Using a cable that is not suitable for the real operating context means increasing the risk of deterioration, premature failures and unexpected interventions. On the contrary, making the right choice helps reduce critical issues and build a more stable and reliable system from the very beginning.
This is why it is important to know how to read cable designations, understand the reference standards and correctly interpret the conditions of use. In the article dedicated to cable designations for industrial automation, we explained how cable designation can become a practical tool for assessing its suitability for a specific application.
Storage and Handling Are Also Part of Reliability
Another often underestimated aspect concerns what happens before installation.
A cable can also be damaged during transport, storage or handling. A bending radius that is not respected, a reel handled incorrectly, inadequate exposure to humidity or UV rays, or unprotected cable ends can compromise cable performance even before installation.
For this reason, we have also explored best practices for correctly storing and handling electrical cables, with useful guidance for warehouses and construction sites.
The quality of a system does not depend only on the product selected, but on the entire path that product follows: selection, transport, storage, installation, connection, inspection and maintenance.
Monitoring Means Knowing the Real Condition of the System
In industrial and infrastructure contexts, constant monitoring of cable condition makes it possible to move from a reactive approach to a preventive one.
Action is not taken only after a fault has already occurred; instead, the signs that may anticipate it are observed: overheating, loose contacts, sheath damage, loosened connections, abrasion, oxidation, changes in performance or intermittent interruptions.
In many cases, these signs are not immediately visible. For this reason, in addition to visual inspection, instrumental checks, electrical tests, tightening checks and thermographic analyses of critical points can be useful.
Monitoring means knowing the real condition of the system, rather than simply assuming that everything is working correctly because no visible problems have occurred yet.
The Role of Sada Cavi: Technical Support, Quality and Informed Choice
Sada Cavi supports companies, installers and designers in choosing the most suitable cables for different applications, offering technical expertise, product availability and solutions for a wide range of sectors: from industrial automation to energy, from civil construction to the most complex systems.
In a market where reliability, safety and operational continuity are increasingly important, choosing the right cable is a technical responsibility. It means assessing the context, anticipating stresses, considering environmental and installation conditions, and building a system capable of operating over time with greater stability.

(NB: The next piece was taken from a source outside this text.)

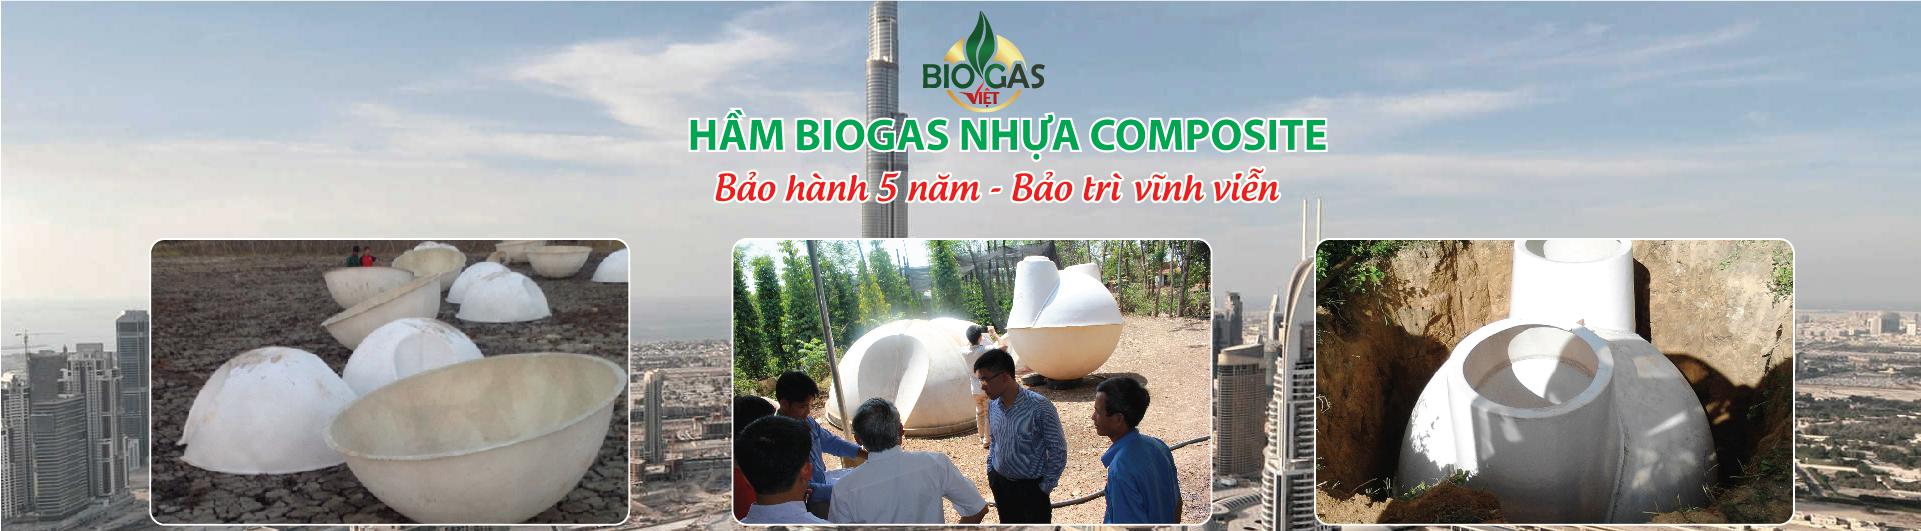 banner biogas viet-46

The cable is not a detail. It is a fundamental part of the system.
Conclusion
The Dali accident dramatically showed how much a single connection can affect the operation of a complex system. A loose cable, placed within a critical context, can contribute to generating enormous consequences.
This is why maintenance, monitoring and the correct choice of electrical cables are not secondary aspects, but central elements of safety and reliability.
In complex systems, every connection counts. And often, the continuity of an entire system depends precisely on what cannot be seen.